SCLC asks judge to decide their case
by Errin Haines
Associated Press Writer
June 03, 2010 12:00 AM | 394 views | 0 0 comments | 4 4 recommendations | email to a friend | print
ATLANTA - A board member of the Southern Christian Leadership Conference who has provided legal counsel to the group says the Rev. Bernice King has been hesitant to take the helm of the organization amid legal wrangling and infighting.

Kathryn Weathers Belger testified in Fulton County Superior Court on Wednesday that King, who was elected the eighth president of the civil rights group in October, wanted her name and likeness removed from the SCLC's Web site in February.

"She hadn't taken office, she didn't authorize it ... She had never given her consent," Weathers Belger said. "She was rightfully very upset about it."

Weathers Belger says the SCLC wanted King to assume office in February, but she says King communicated through an attorney that she was concerned about the ongoing litigation and was not yet ready to have detailed discussions about taking office.

King still has not been installed as president and has remained largely silent as the bickering has dragged on.

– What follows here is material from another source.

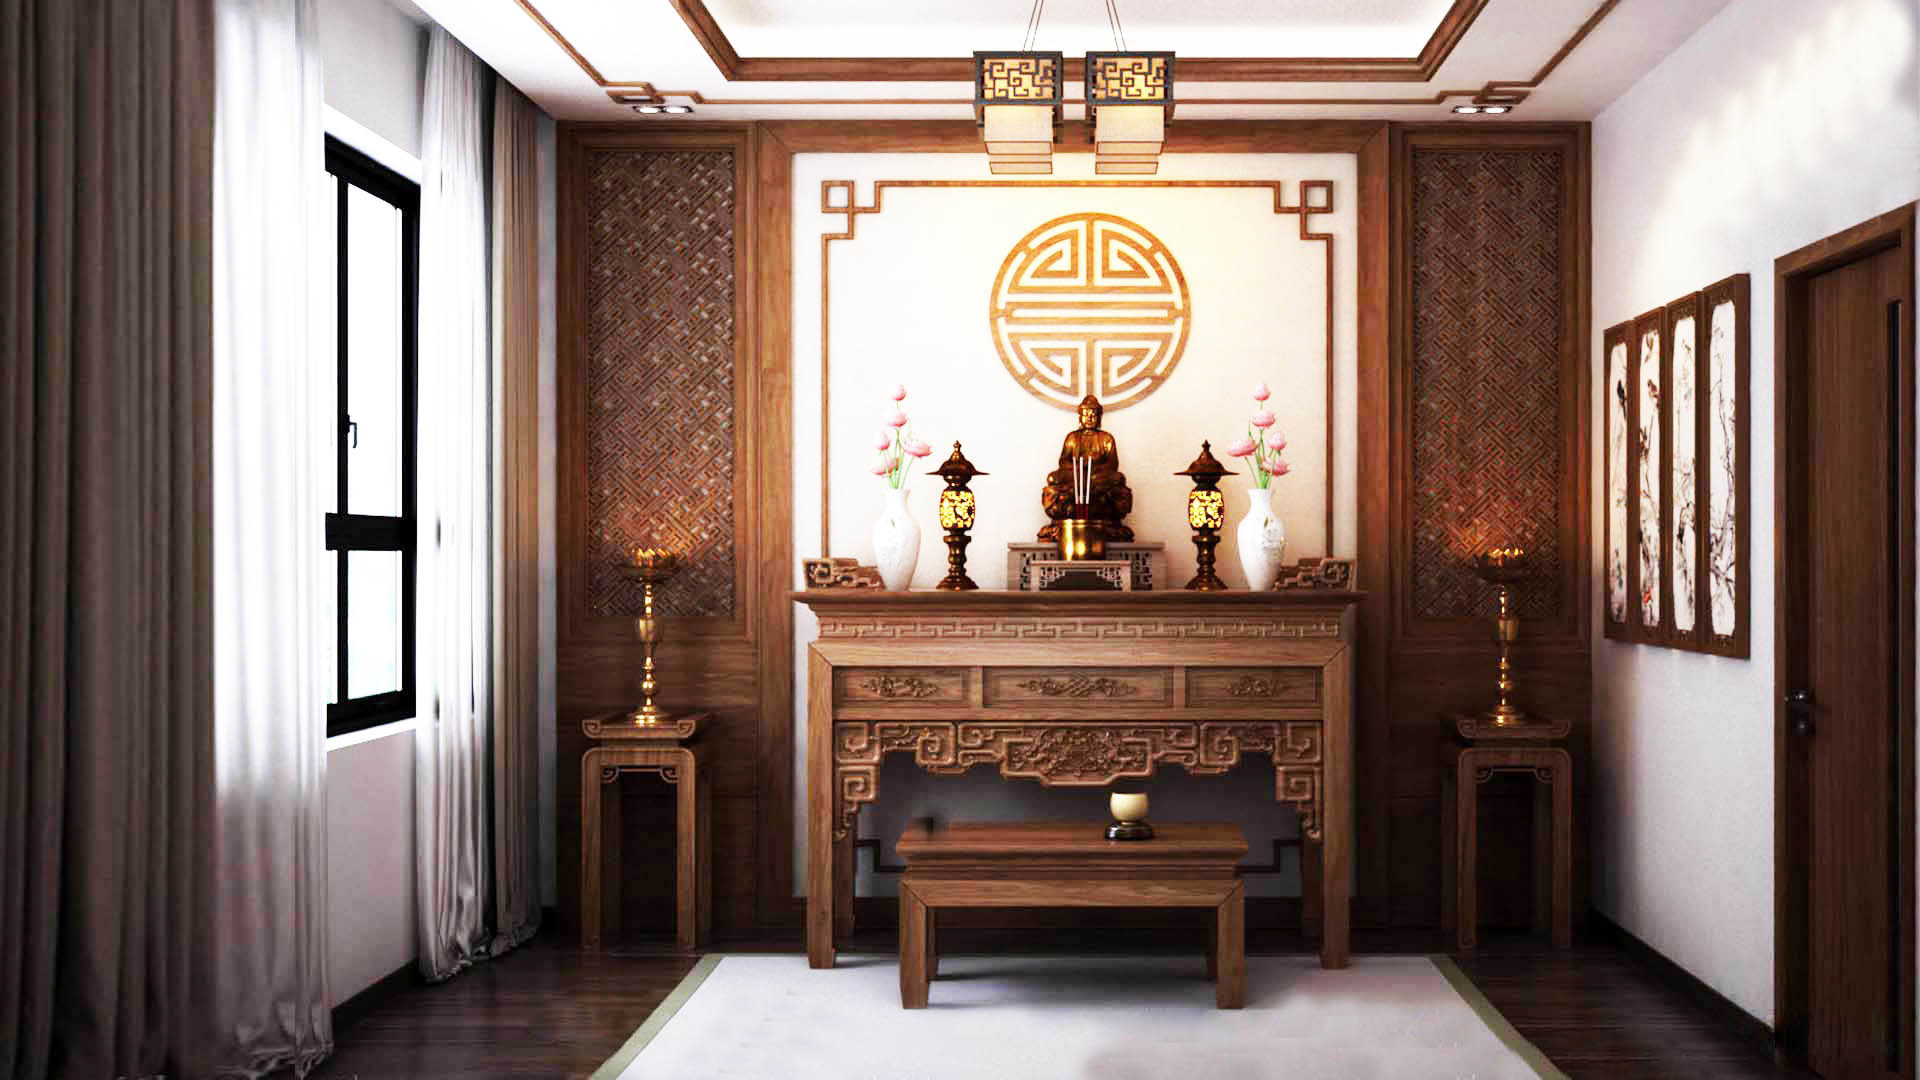 Thiết kế bàn thờ Phật trong nhà hợp phong thủy để cả nhà luôn gặp may mắn,  bình an

She has not publicly taken sides in the dispute or weighed in on the legal battle.

The SCLC splintered in recent months as ongoing federal, local and internal investigations into allegations of financial mismanagement by its chairman and treasurer have divided allegiances and created dueling boards of directors.

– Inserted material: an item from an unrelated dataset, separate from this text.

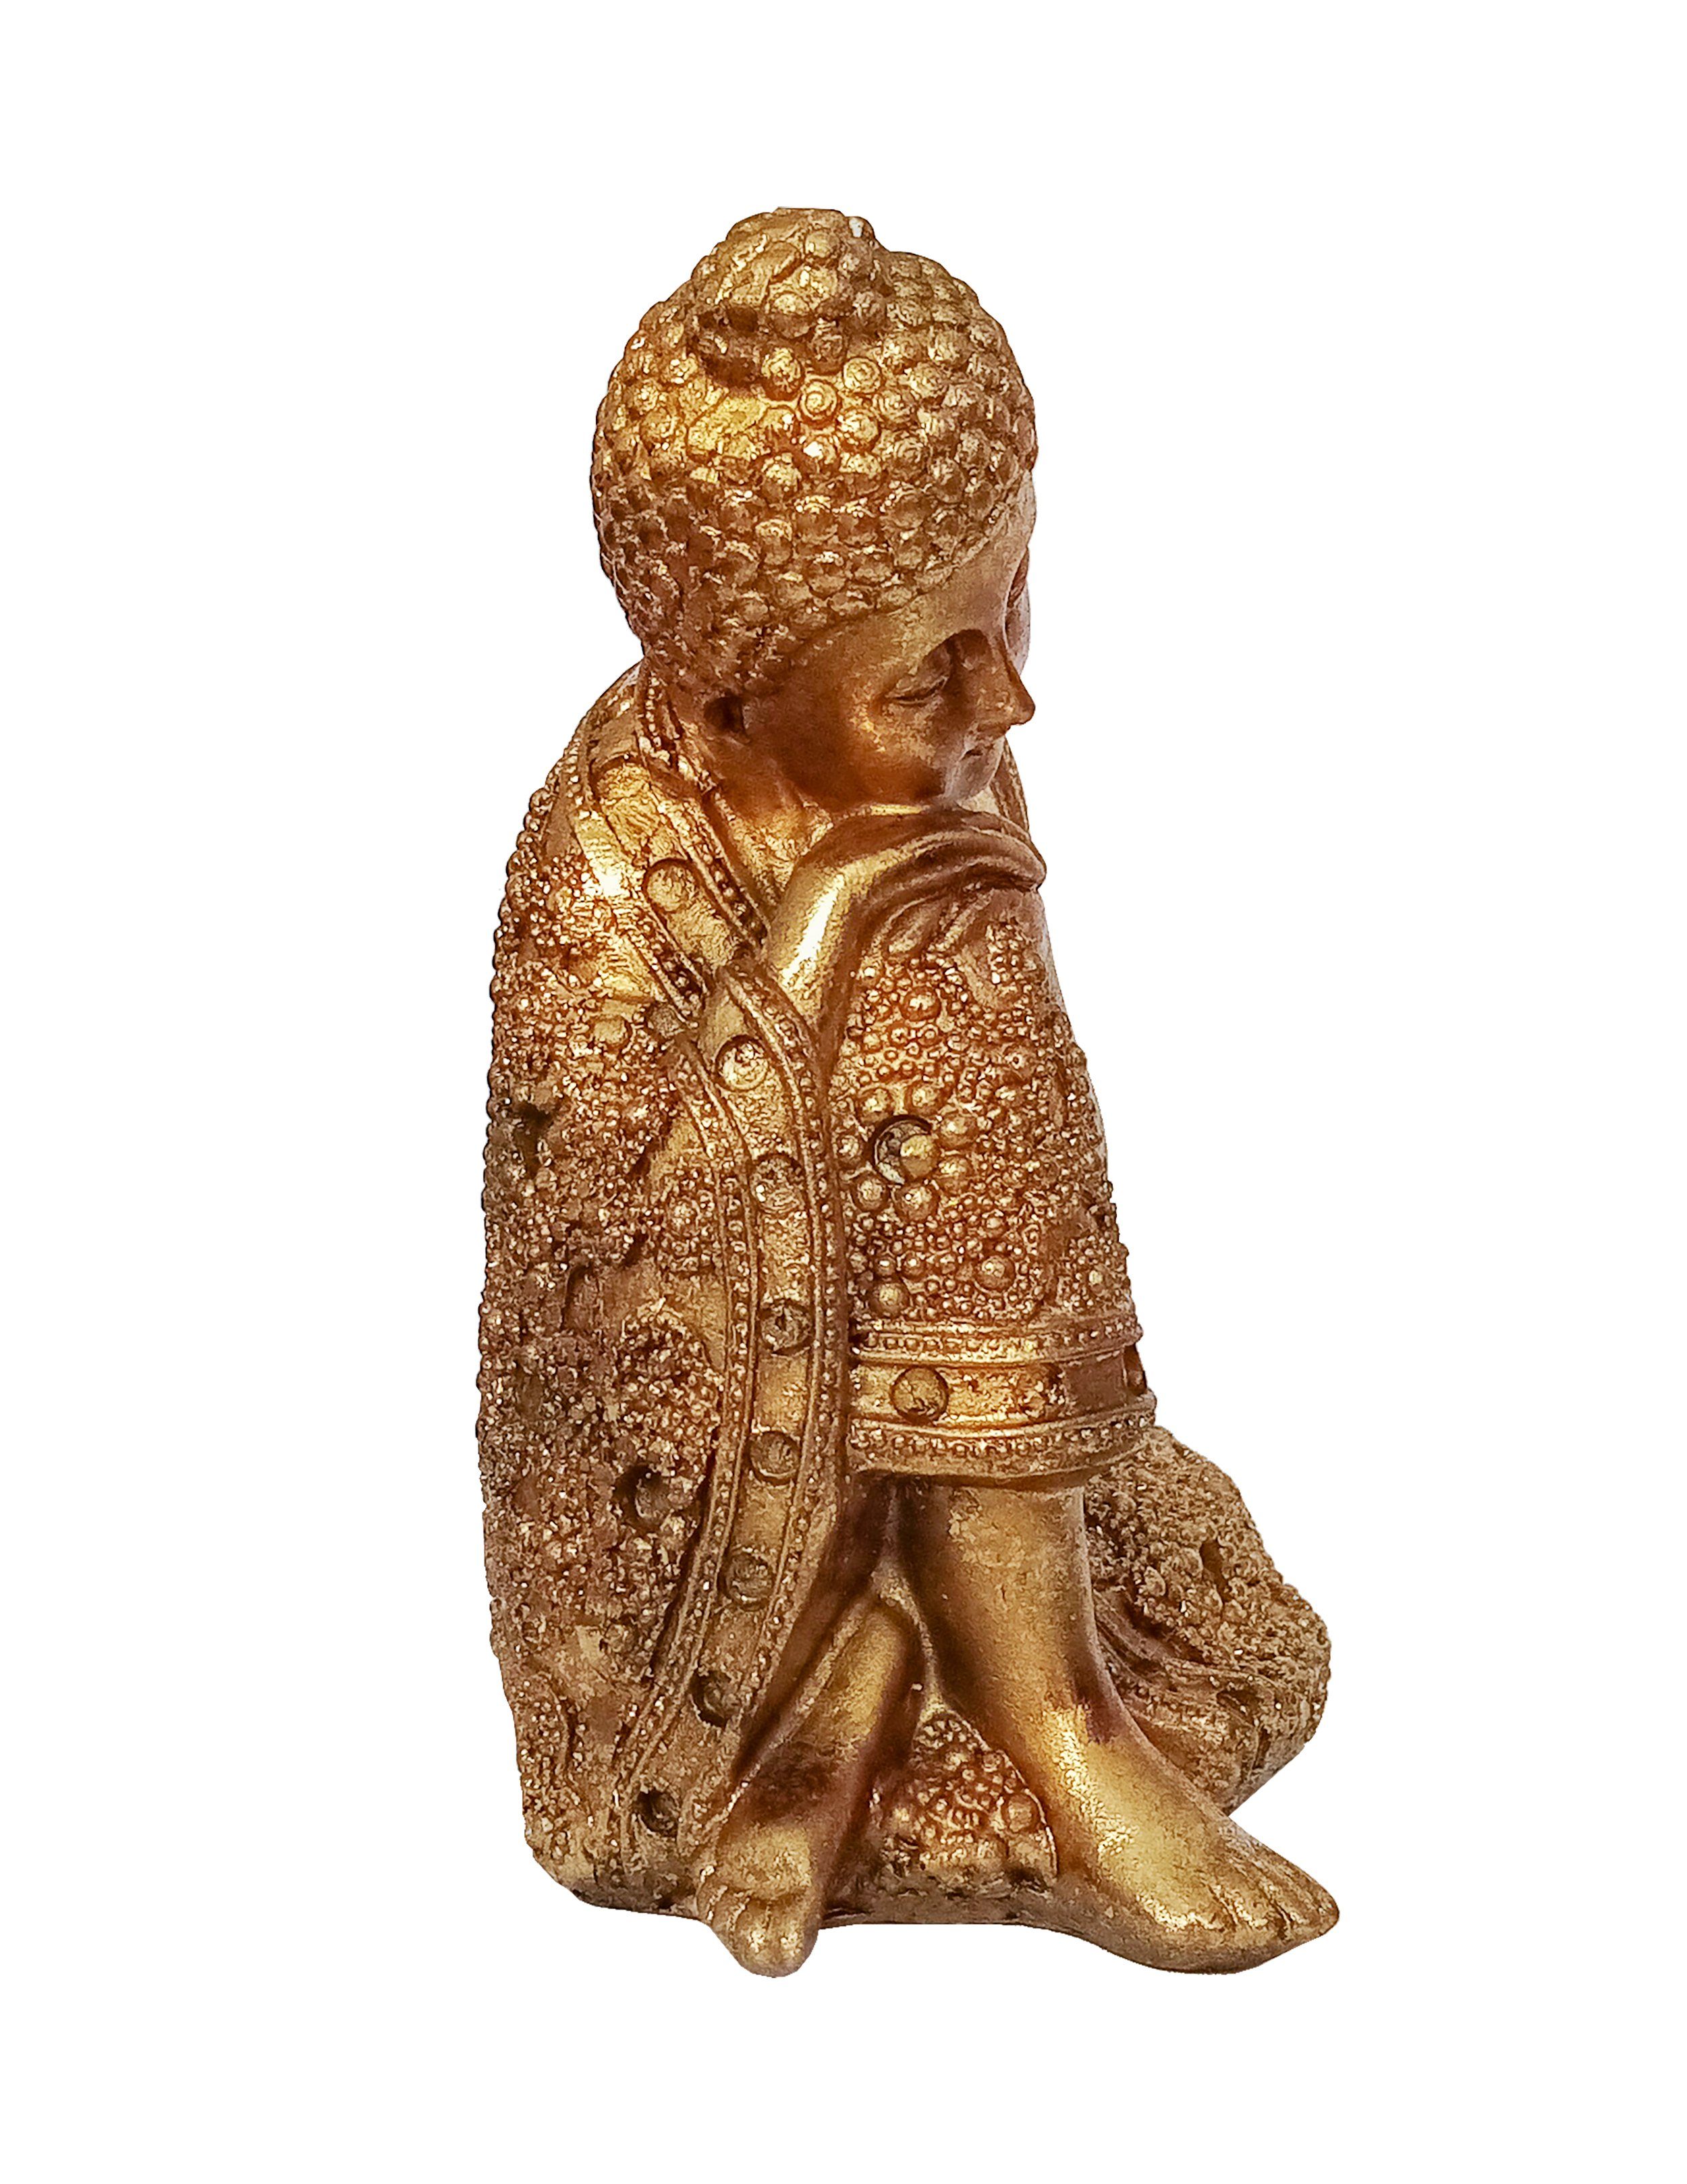 Giftdecor Buddhafigur Buddha Figur 12x16cm Shui Knie), Budda Garten Knie 91 Auf Deko Statue Polyresin aus Decoration Feng rechtes Thai (auf Gold

The group is in court this week asking a federal judge to intervene to determine who is in charge. Attorneys for both sides claiming to be the SCLC's true board of directors began making their case in Fulton County Superior Court Wednesday morning.

Each side says its interpretation of the group's constitution and bylaws is correct, and accuses the other side of manipulating and ignoring the rules.

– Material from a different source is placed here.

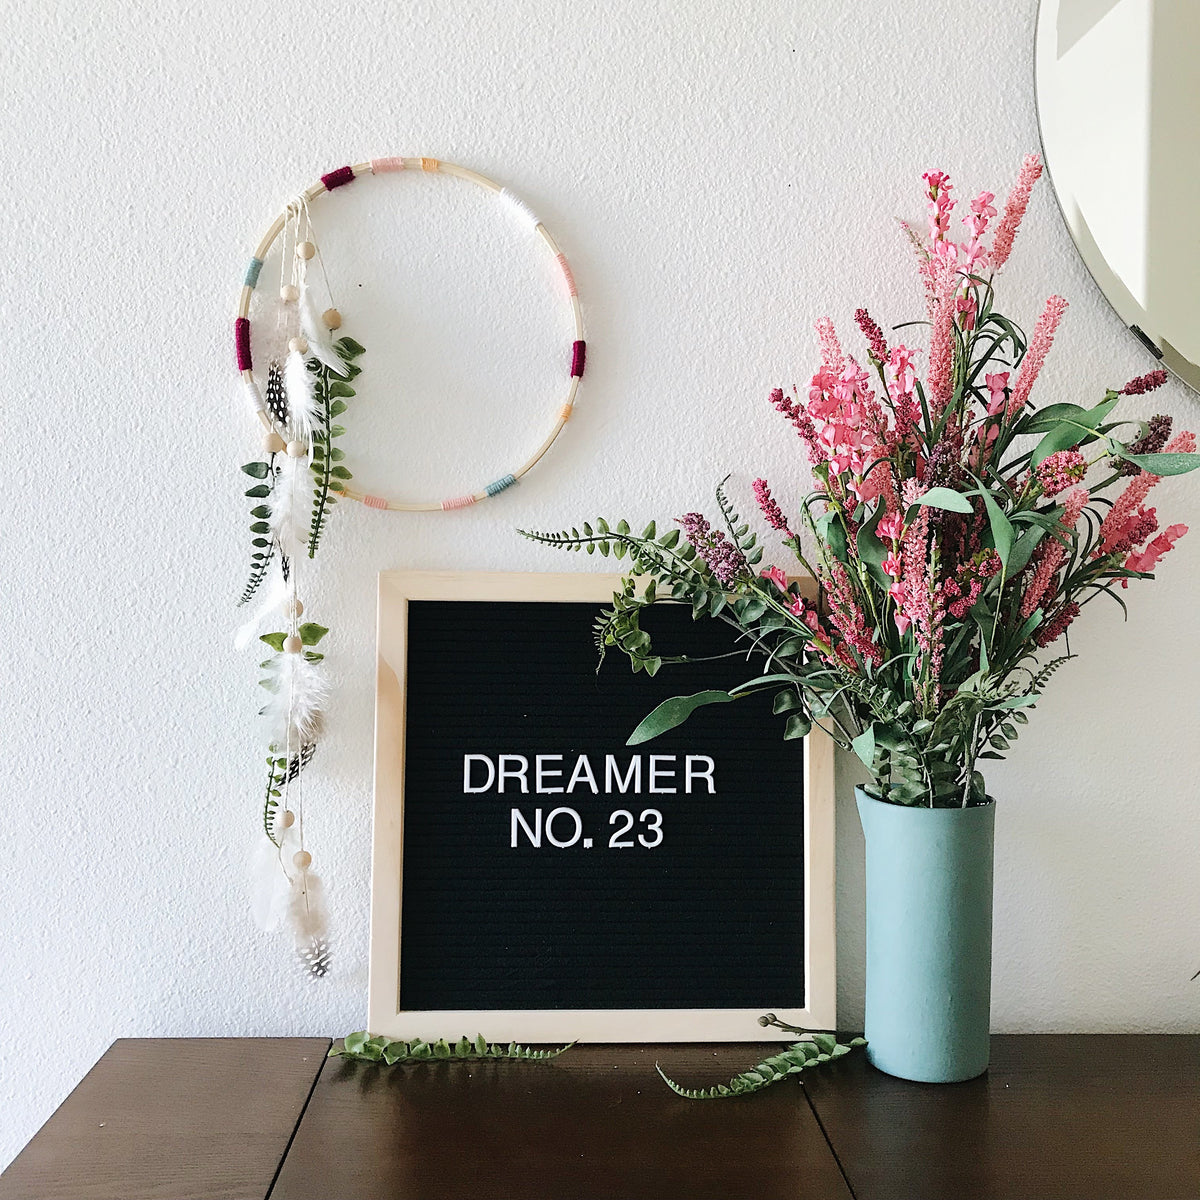 Dreamer No. 23 | 100 Days of Dreamers

The hearing will continue Thursday. Confusion over who is in charge of the SCLC has paralyzed the group and distracted it from social justice issues.

Foot soldiers who once worked alongside each other in the struggle for civil rights sat on opposite sides of the courtroom, about half wearing yellow ribbons pinned to their lapels - a sign of solidarity for the plaintiffs in the case, including the Rev. Sylvia Tucker and board members Bernard Lafayette and Randall Gaines, represented by attorney Charles Mathis.

Mathis told the judge that some board members have been acting illegally and in a manner that has been "unfair and arrogant." In recent months, the SCLC's bank accounts have been frozen and the locks on the downtown Atlanta headquarters changed as confusion reigned and individuals acted first and later asked for permission.

Others lined up behind the defendants, the Rev. Wilburt Shanklin, the Rev. Curtis Harris and the Rev. Markel Hutchins. Shanklin and Harris, both longtime board members and executive officers in the organization, attended Wednesday's hearing.

Hutchins, an activist who maintains he was recently appointed to the board and named interim president of the SCLC, was not in the courtroom.

"This case is about a struggle for the life and the very soul of the SCLC," attorney Thelma Wyatt Moore told Judge Alford Dempsey. "Some people have said SCLC ought to just die. We are asking you to give the resuscitation order."

The split revolves around ongoing federal, local and internal investigations into Chairman Raleigh Trammell and Treasurer Spiver Gordon over allegations of financial mismanagement. Trammell and Gordon have fought attempts to remove them from the board of directors, and two groups are claiming to be the true leaders of the SCLC, holding separate board meetings and both planning the group's annual convention scheduled for August.

The hearing exposed a group that does not always understand or follow its own constitution and bylaws. Testimony raised questions about how the SCLC went about calling official meetings, making decisions about the organization, how funds were spent and even the election of King.